Last year, the SEC reported it had adopted 40 new rules affecting mutual funds since 1998, Stevens said. However, since the scandal broke, new regulations have been coming at an even more rapid pace. Since September, the Commission has proposed or adopted 16 new regulatory initiatives, 12 of which are in direct response to the fund malfeasance unearthed in the past nine months.

"The record of its recent investigations amply demonstrates that the SEC has the authority it needs and is wielding it aggressively, just as it should," he said. However, Stevens said he doesn't think mutual funds should bear the brunt of the SEC's enforcement and regulatory power alone. Stevens pointed out intermediaries and their responsibilities, including banks, brokers, financial advisers, insurance companies and retirement plan administrators. He said that those companies have an obligation to abide by the law, specifically relating to late trading, and to implement a fund's policies, such as those designed to keep out market timers. In many cases, fund firms do not have any access to information about the ultimate end investor, and therefore are hindered in their ability to enforce short-term trading policies.

Stealth and Deceit'

Stevens also took his shots at hedge funds, saying that it would be ironic if a host of new regulations are imposed on the mutual fund industry as a direct result of the scandal, but hedge fund advisors could go about business as usual.

Regulators need to take a deeper examination of hedge funds' role in Fundgate, Stevens said. Market timing may not be illegal when it is done in an open, aboveboard way. "As practiced by some hedge fund advisors, however, market timing was often done by stealth and deceit, in ways designed to frustrate the ability of mutual funds to detect and prevent it," he said. Many timing practitioners conduct themselves in an unscrupulous manner, often corrupting others, prevailing on a broker, insurance company, non-fund advisor, or another financial institution to help cover up or mask the timing activity, he said.

These "highly deliberate and predatory" practices were "designed to pick the pockets of long-term mutual fund investors," according to Stevens. The acts were committed, largely, by hedge fund advisors not registered with the SEC, he said.

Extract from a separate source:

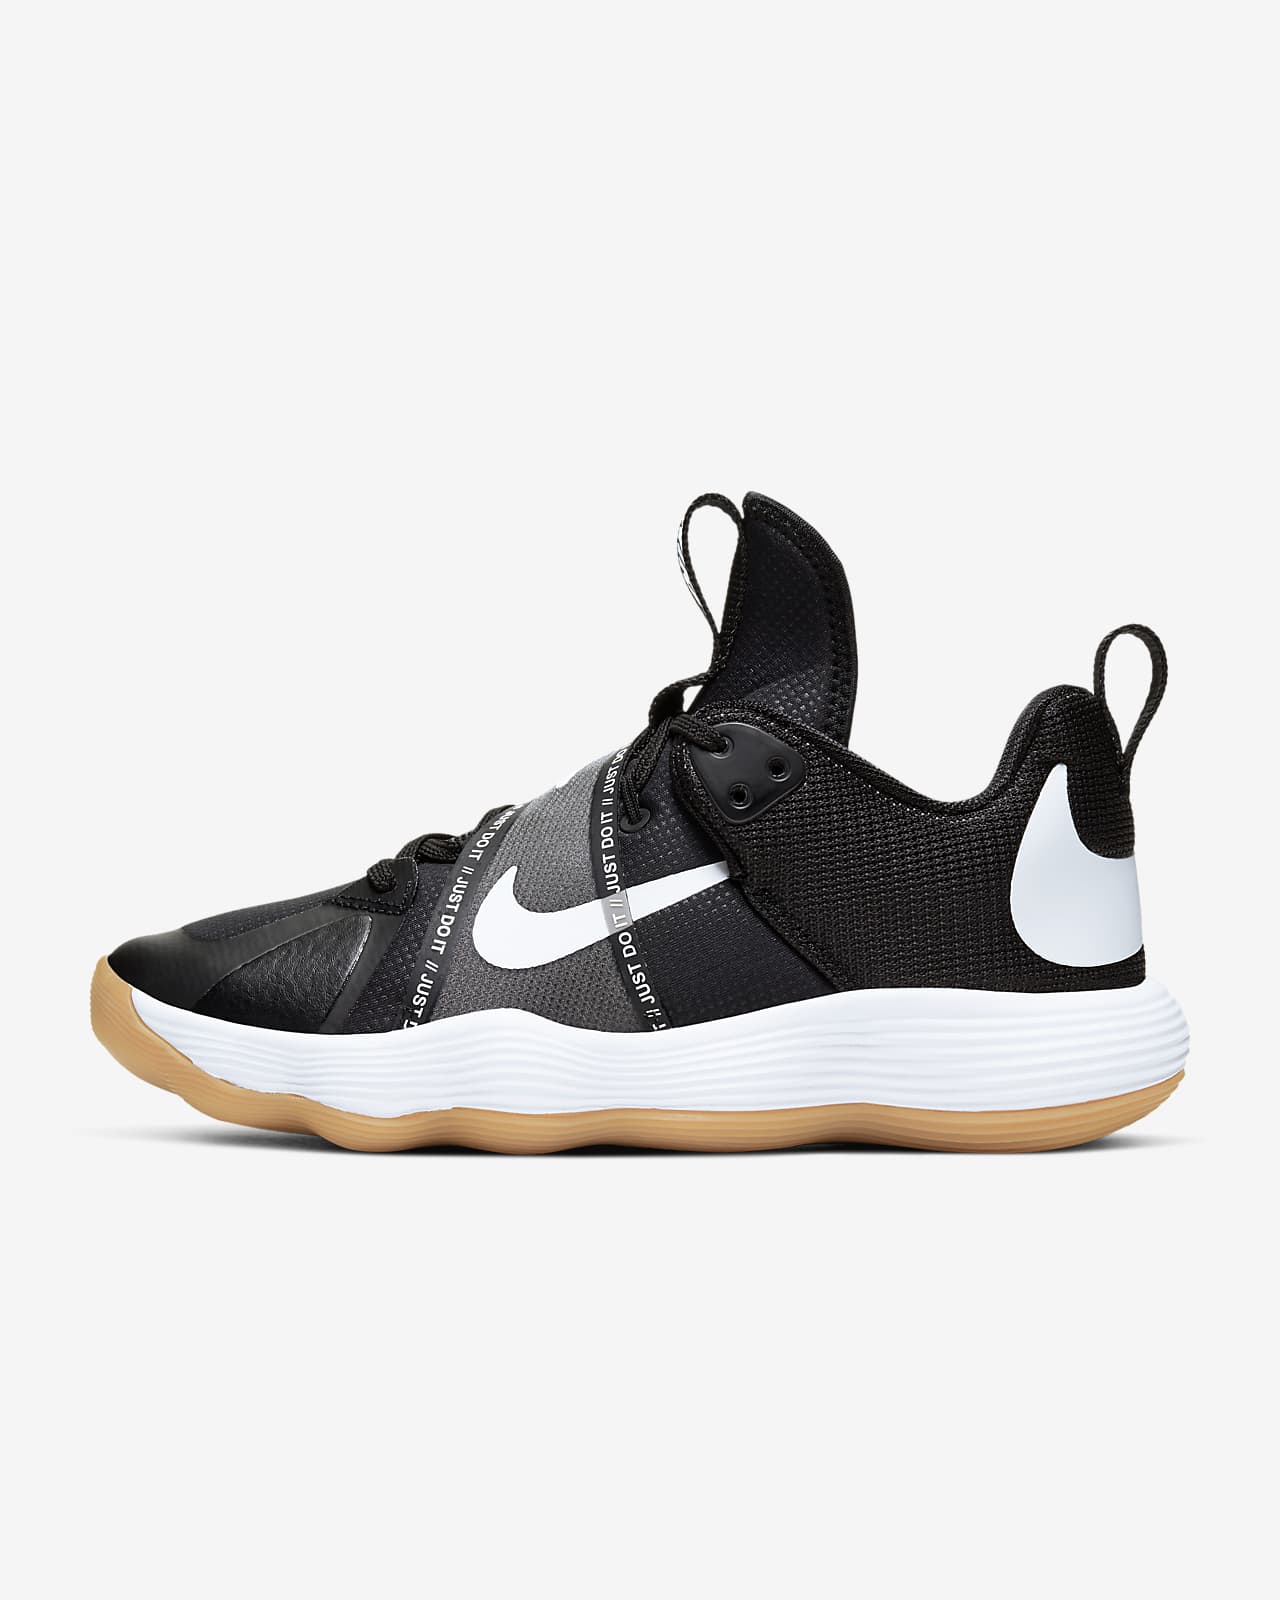 Nike React HyperSet Indoor-Court-Schuh

Noting that the majority of unregistered hedge funds are dead set against even a modicum of regulation because they claim registration and oversight would "screw up their business model," Stevens said he was hard pressed to understand how an ethically run business would object to such basic oversight.

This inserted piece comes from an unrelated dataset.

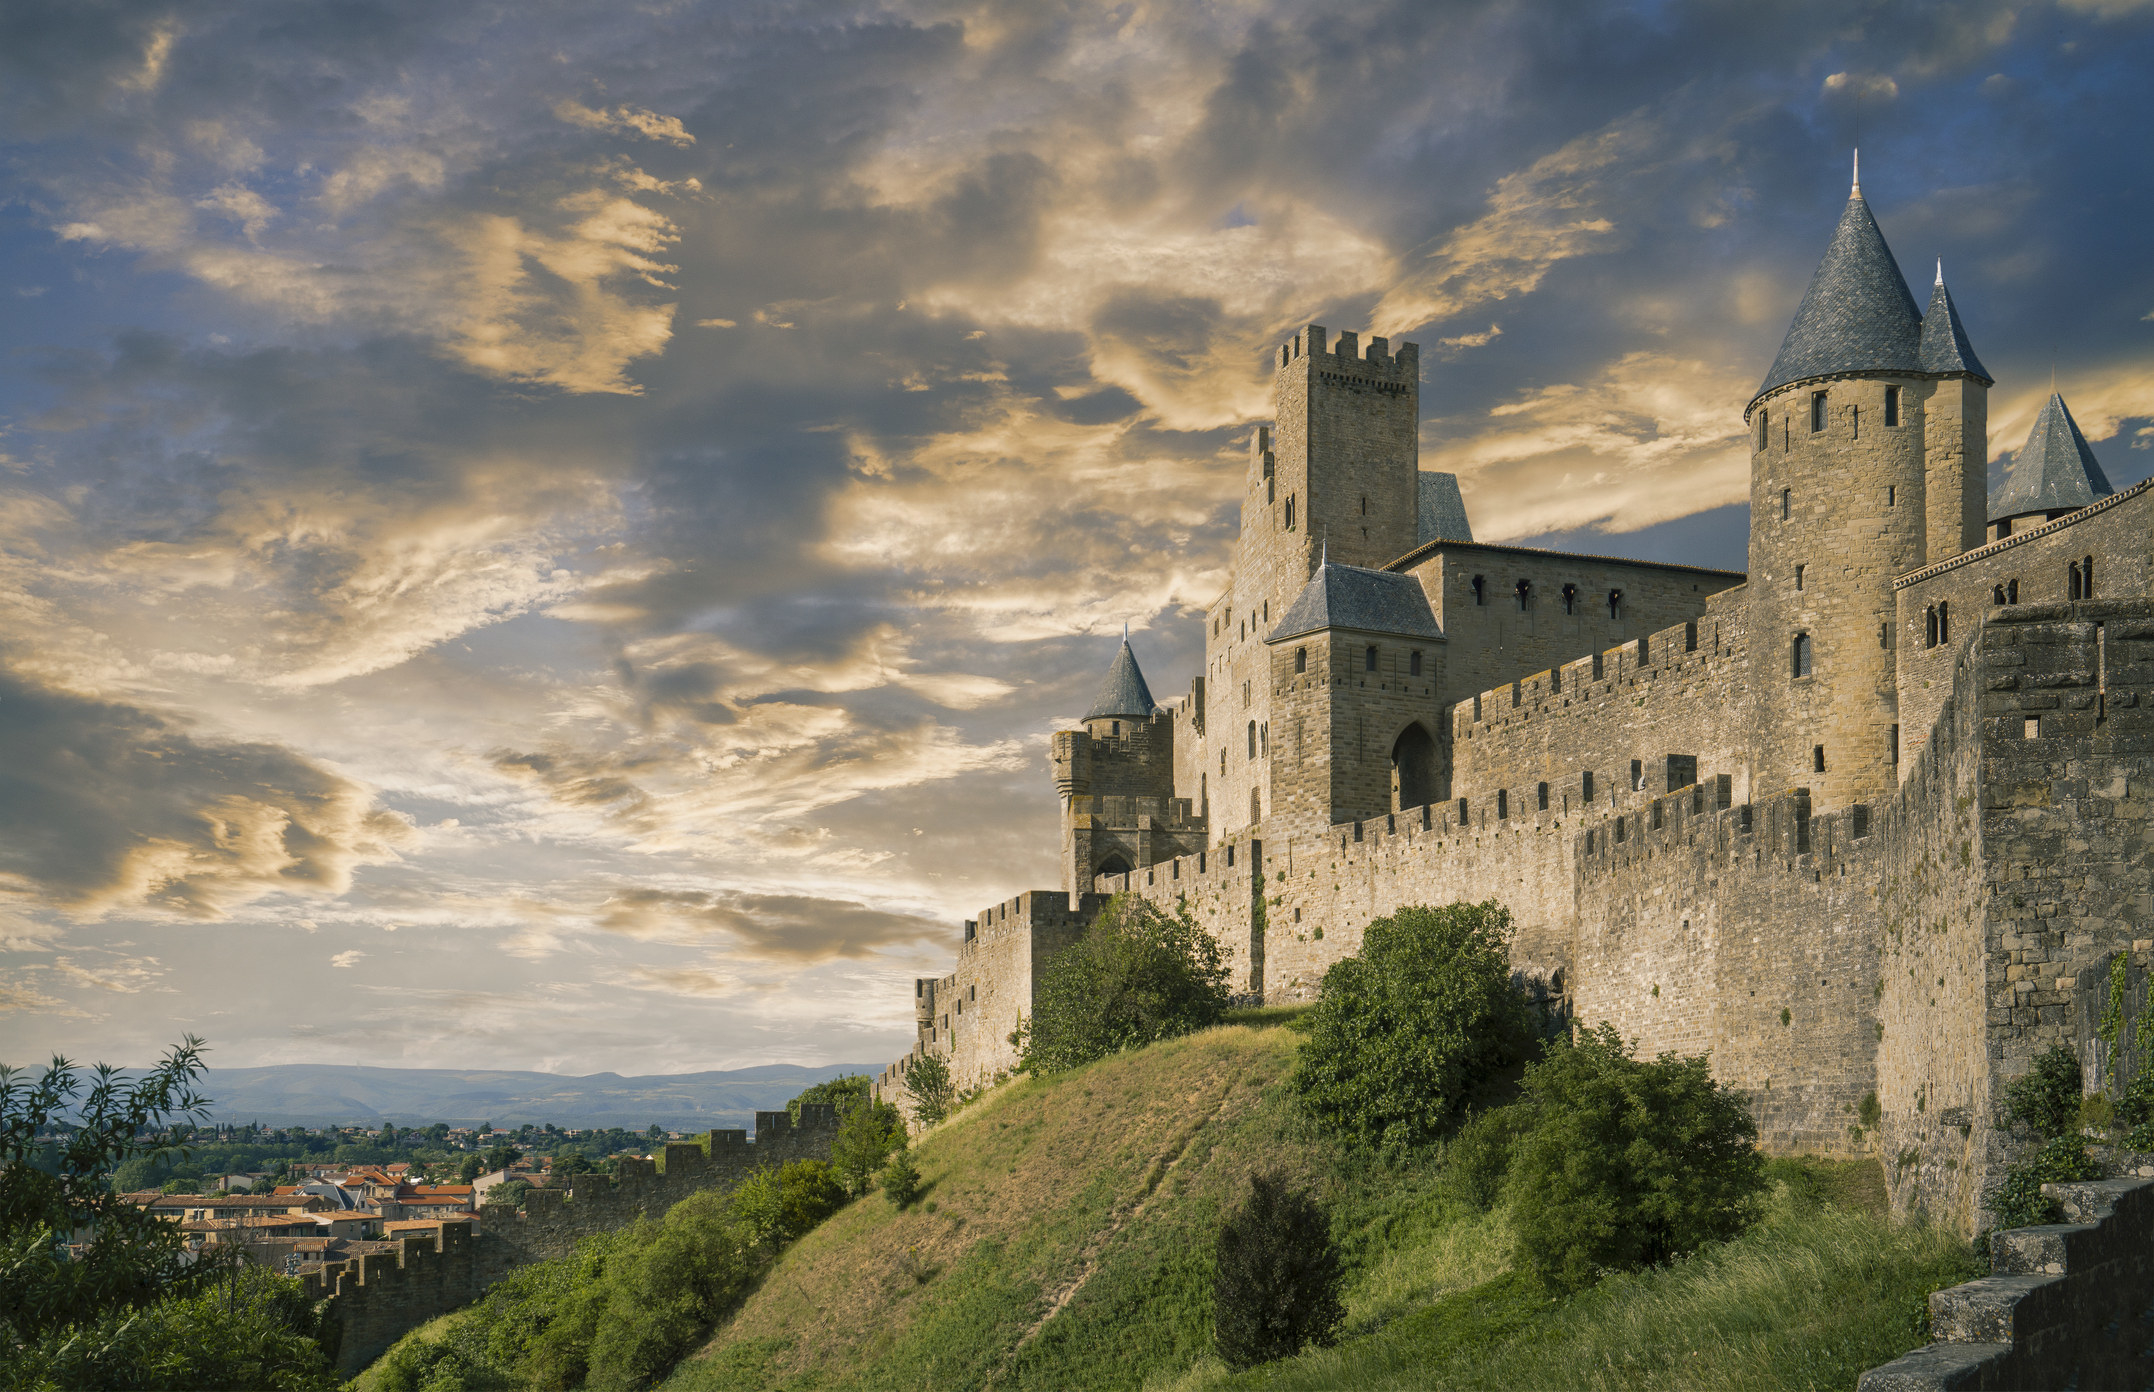 Cité de Carcassonne medieval fortress

Furthermore, Stevens expressed concern that an unfair balance of regulatory actions focused on the mutual fund industry might give other products an unfair advantage. "If the disparities in our scheme of regulation become too stark--with mutual funds regulated so comprehensively and competing investment vehicles not at all--it will simply invite sharp operators to go where they can escape scrutiny and maximize profits."

Stevens told the attendees that the scandal does not represent a rotting of morals throughout the mutual fund industry, but nonetheless, a reemphasis on fiduciary duty is needed. "The reason we regard the recent abuses to be so outrageous is precisely because we had come to expect better from mutual funds, and because the abuses depart so radically from the duties we know mutual funds owe to their investors."

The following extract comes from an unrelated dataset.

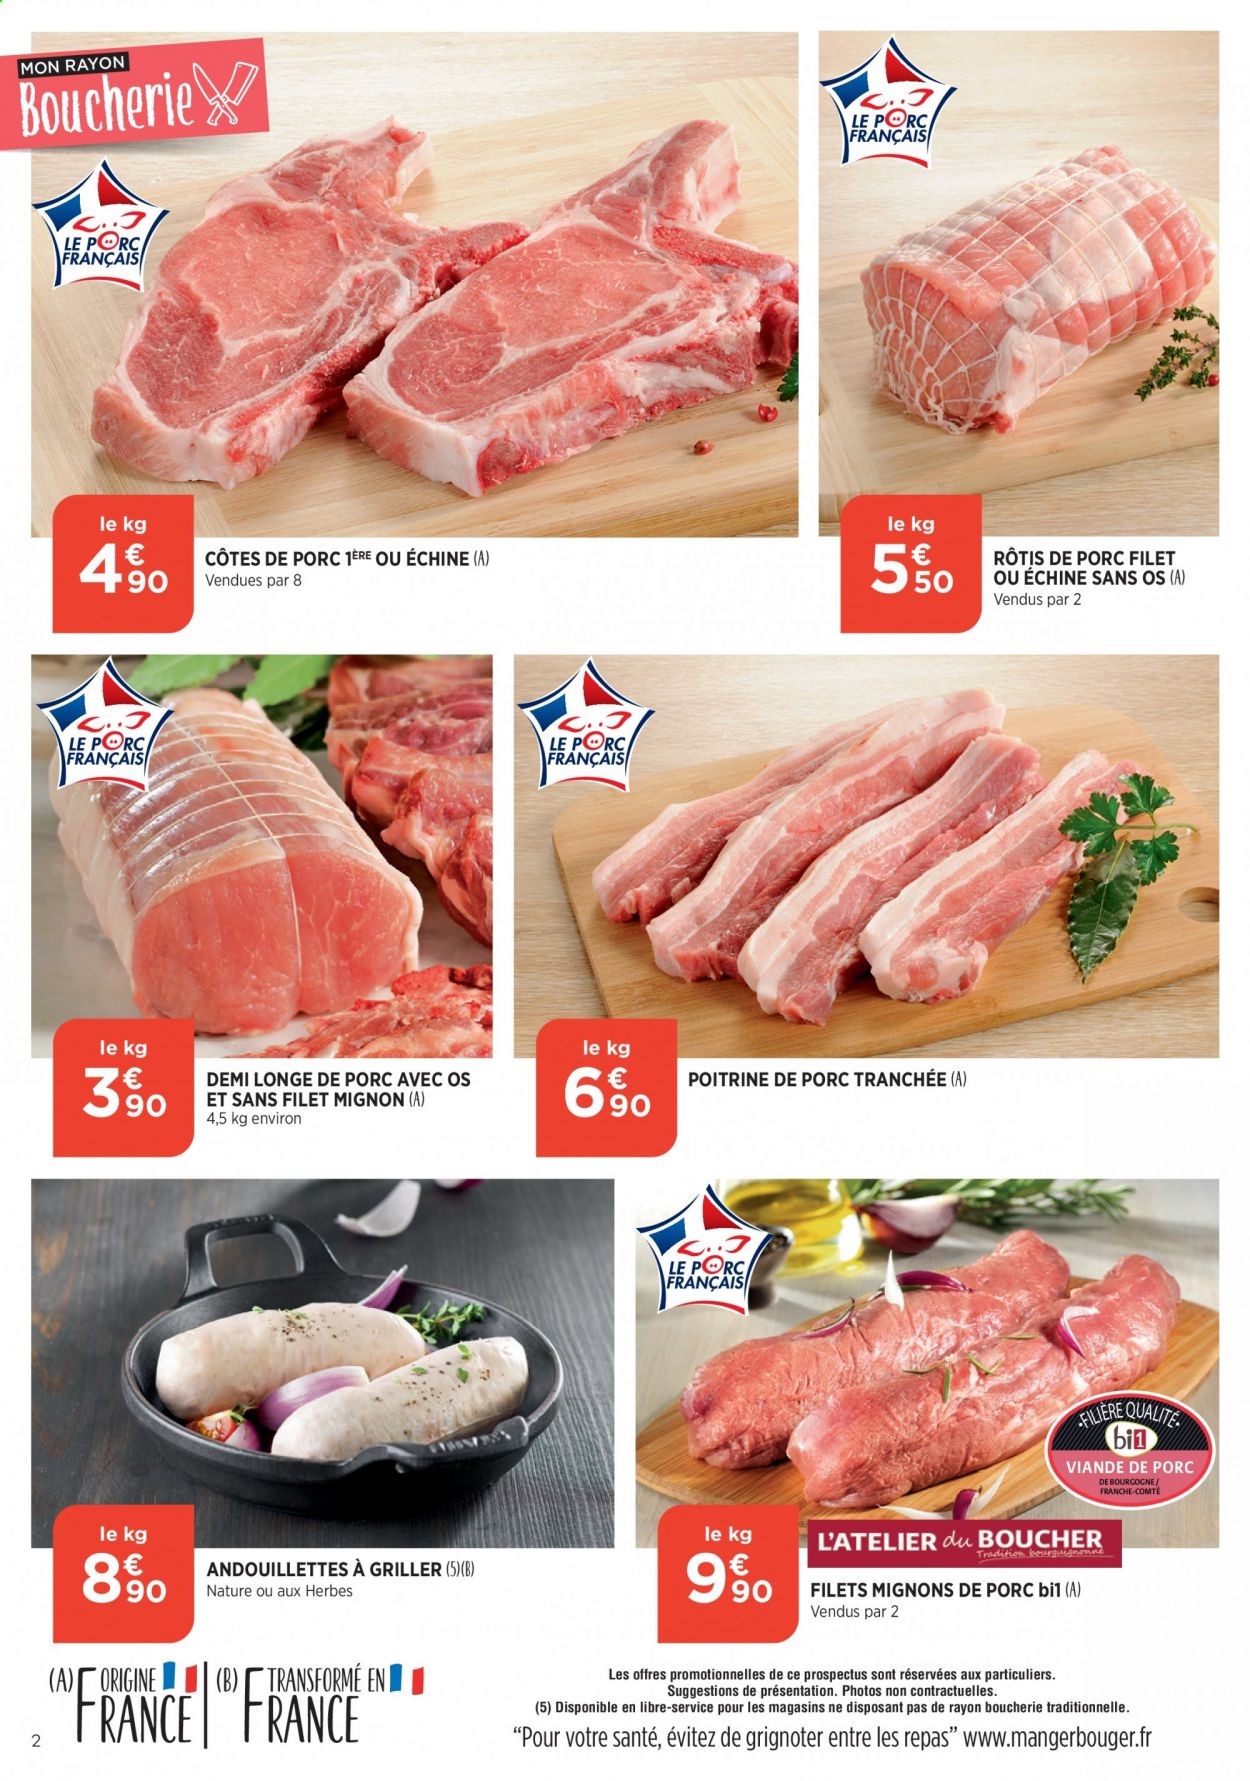 thumbnail - Catalogue Bi1 - 14/04/2021 - 19/04/2021 - Produits soldés - côtes de porc, filet mignon, poitrine de porc, viande de porc, longe de porc, Comté. Page 2.

Echoing sentiments expressed by his predecessor Fink and ICI Chairman Paul Haaga, Stevens emphasized the basic values of a fiduciary and the importance of getting back to the basics. "Mutual fund investing is a proposition that appeals to so many because it is predicated on this fundamental notion of fairness," he explained.

Stressing the importance of accountability, the "mutual" character of mutual funds, accessible information that is both reliable and thorough, and trust, Stevens said that faith in the product is paramount to the future success of the industry.

"[The road ahead] will demand that we be unflinchingly loyal to the interests of the investors whom we serve, and deeply conscious of the obligations we assume as fiduciaries on their behalf," he said.